Flows for March are likely to be worse than February due to the continuing decline in the market, said Nachmany. But, the numbers could have been much worse for February, he said.

"One or two dollars out of every $1000 in equity funds are being pulled out," he said. "I think it's very reassuring that investors didn't pull more out during these extraordinary and extreme financial times."

Value funds saw net inflows of $7.2 billion in February, bringing year-to-date flows to $12.8 billion in the category, according to Financial Research Corp. All three value categories, large-, mid- and small-cap had positive flows for the second consecutive month, which is of particular significance because of their redemptions over the past two years, according to FRC. During 1999 and 2000, value funds experienced net redemptions of $89 billion. The flows into value funds are due, in part, to good value fund performance recently and a shift towards value investments by investors, said Nachmany.

Conversely, large growth and technology funds, which did well last year in terms of inflows, experienced net redemptions of $3.8 billion and $1.9 billion, respectively, according to FRC.

Flows into high yield bond funds slowed to $1.22 billion in February, according to FRC. Junk bonds had huge inflows in January totaling over $4 billion.

The Vanguard Group of Malvern, Pa. led all firms with net flows of $2.68 billion in February, according to FRC. They lead all firms for the year with a little over $6 billion so far. Fidelity Investments of Boston, which is second in year-to-date flows, had only $168 million in net flows in February, making it number 20 in flows for the month. In January, Fidelity was number one with $3.7 billion in flows and Vanguard was second, with $3.3. billion.

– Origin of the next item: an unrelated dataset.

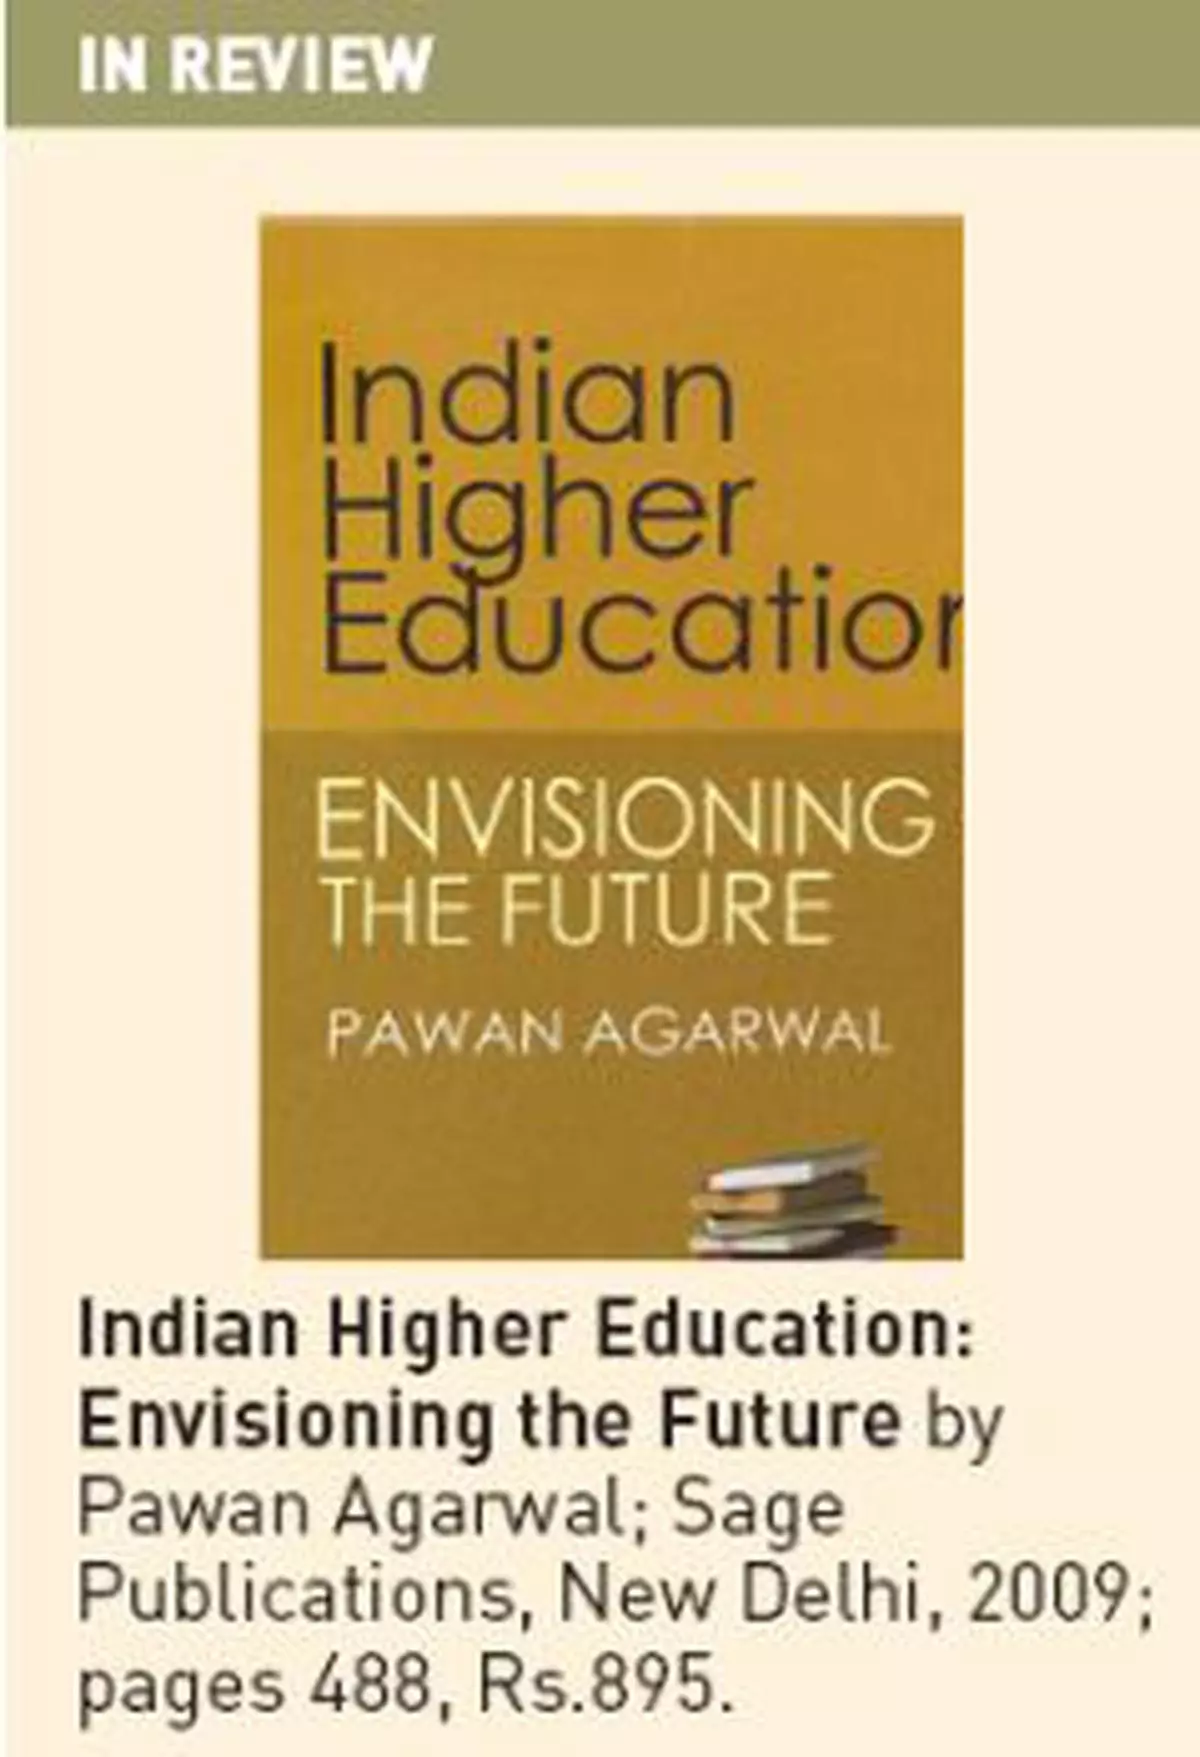 Indian Higher Education: Envisioning the Future by Pawan Agarwal book cover

American Funds of Los Angeles was second in February with just under $1.3 billion, according to FRC.

Exchange-traded fund assets were also adversely affected by the declining market in February. Exchange-traded fund assets decreased $7.82 billion, over 10 percent, last month, leaving total assets of $64.31 billion, according to the Investment Company Institute of Washington, D.C.

The decrease reflects, specifically, the overall decline in domestic stock values, according to the Investment Company Institute. Domestic exchange-traded funds account for 57 of the 82 total funds included in the ICI's report. The ICI does not include Holding Company Depository Receipts, exchange-traded funds sponsored by Merrill Lynch of New York, because they are not issued by a registered investment company.

Net issuance of exchange-traded fund shares slightly increased to $3.21 billion in February, up from $2.34 billion in January, according to the ICI. Net issuance in December 2000 was over $10 billion.